Thanks to Blackburn and his backers from various campaign
groups, notably the National Association for the Advancement of
Colored People's Legal Defence Fund, there has been some
modest progress in stopping the rot that Coleman created in Tulia.
Negative publicity about the fiasco has been instrumental, and in
recent months the Swisher County district attorney has shown a
certain reluctance to follow through with the outstanding cases -
apparently out of fear that any new trial would turn into an
embarrassing media circus.
In April, another sibling of Kizzie White's, Tanya, managed to clear
her name after proving - with Jeff Blackburn's help - that she was
not in Tulia at the time that Coleman said she was selling him
cocaine, but was in fact cashing a cheque in Oklahoma City, some
250 miles away. That was the first major victory for the defence
since the affair began. Then, three weeks ago, the final defendant
due to come to trial, Zuri Bossett, had her charges dropped by the
district attorney. Not only was there no evidence against her other
than Coleman's word, she also seemed to lead an exemplary life
that had nothing whatsoever to do with drug-dealing. According to
Blackburn, the only thing the prosecution had against her was her
name - and on the indictment they weren't even capable of
spelling that right.
The next stage in the battle will be a major habeas corpus writ
arguing that the evidence was so tainted, and court procedure so
compromised, that a federal judge should immediately quash the
sentences against every last defendant and either throw out the
cases or order new trials. Blackburn and his fellow campaigners
also intend to launch a flurry of civil suits demanding tens of
millions of dollars in compensation for the treatment of their
clients. "I've deemed it my mission to bring these people into the
20th century, never mind the 21st," Blackburn says. "If the
community leaders can't put this situation right by themselves,
we're just going to have to force-feed them some justice."

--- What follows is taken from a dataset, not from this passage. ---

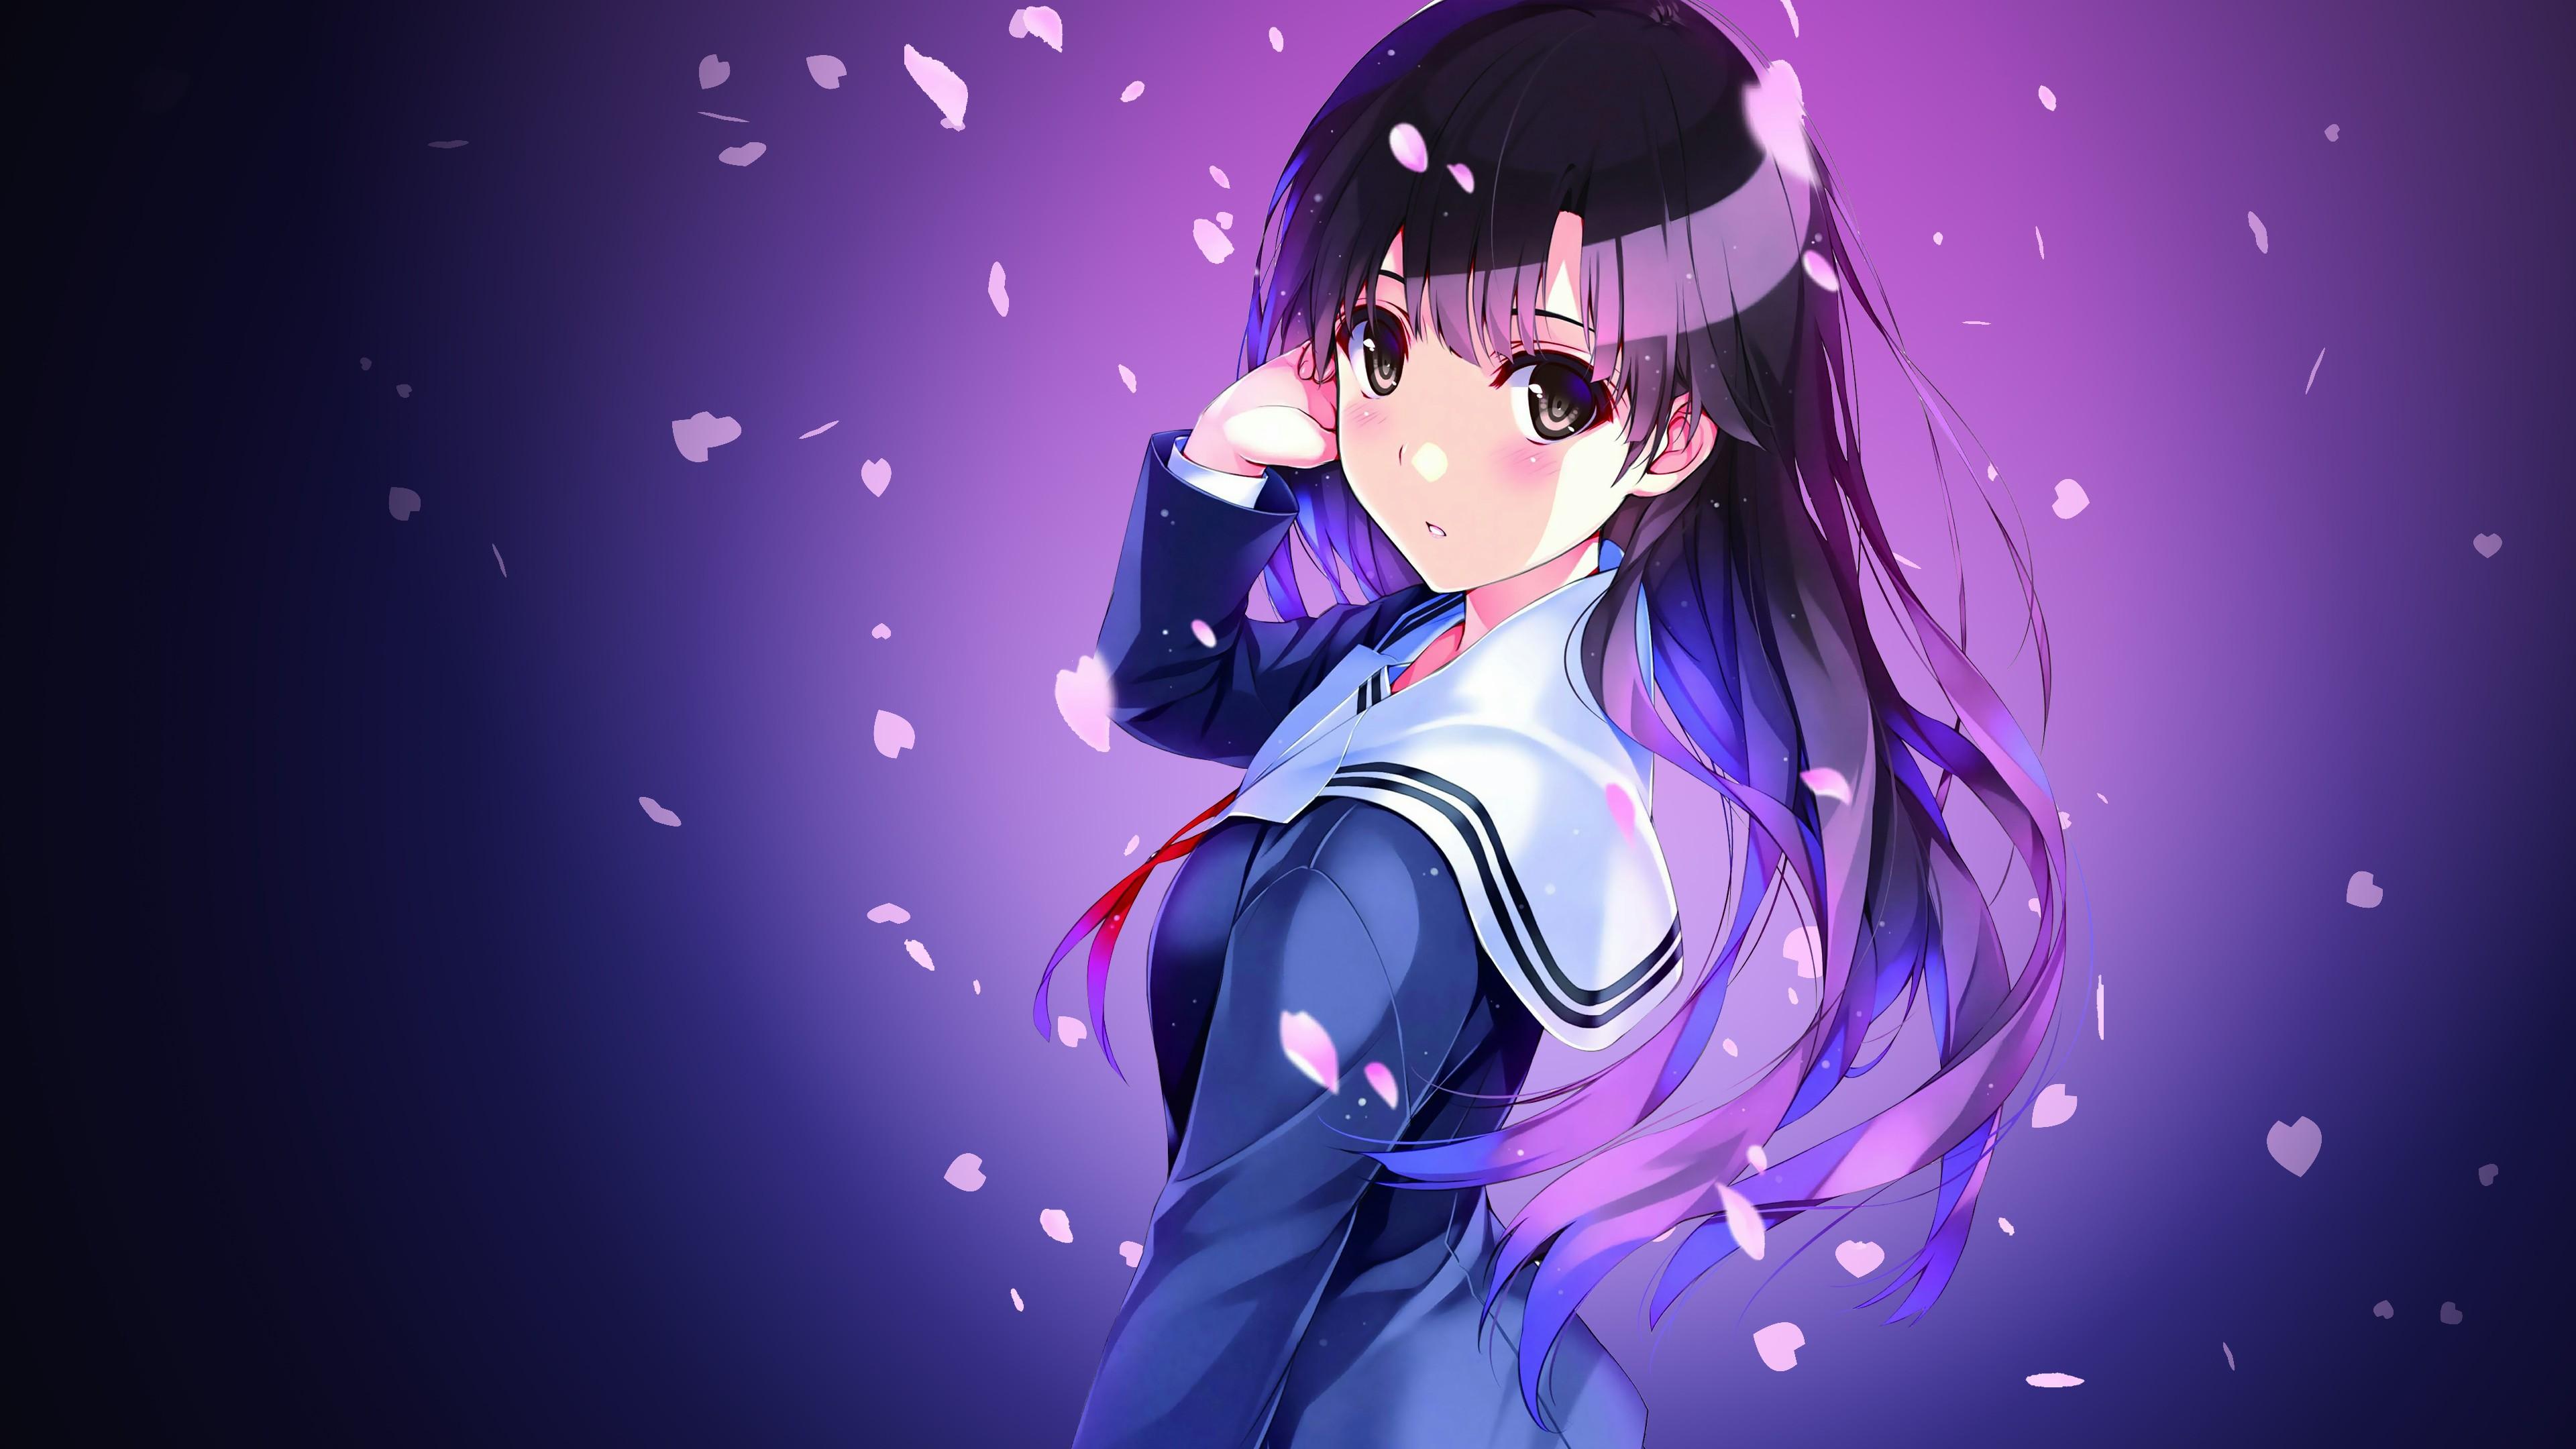 3840 x 2160 · jpeg - Anime Girls wallpaper 1 Download free beautiful backgrounds for ...
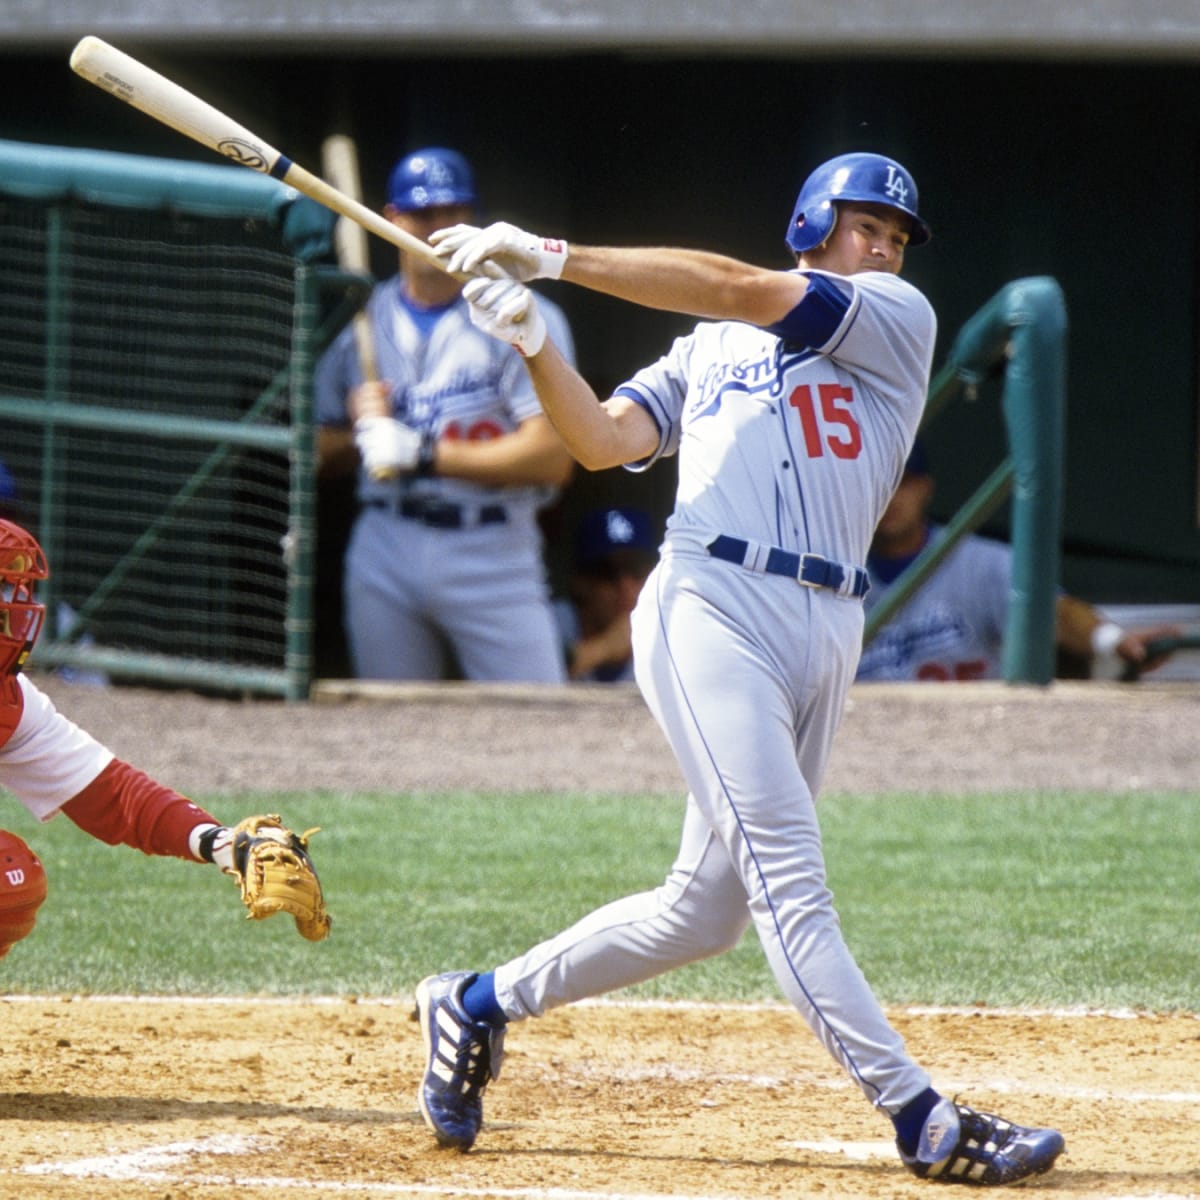 Dodgers: Today is the 20th Anniversary of Shawn Green's Legendary

Interestingly, the key leaders in question - the county sheriff and
the district attorney - have gone deathly quiet. Tom Coleman has
been equally reticent about addressing the mounting accusations
of misconduct against him. For all the kudos attached to his
Lawman of the Year award, he lost his job as a narcotics
investigator in Tulia. He tried a similar line of work in another part
of Texas, but got fired for alleged sexual misconduct with a fellow
agent. He is now believed to be working in Waxahachie, outside
Dallas, as an investigator for a private credit institution.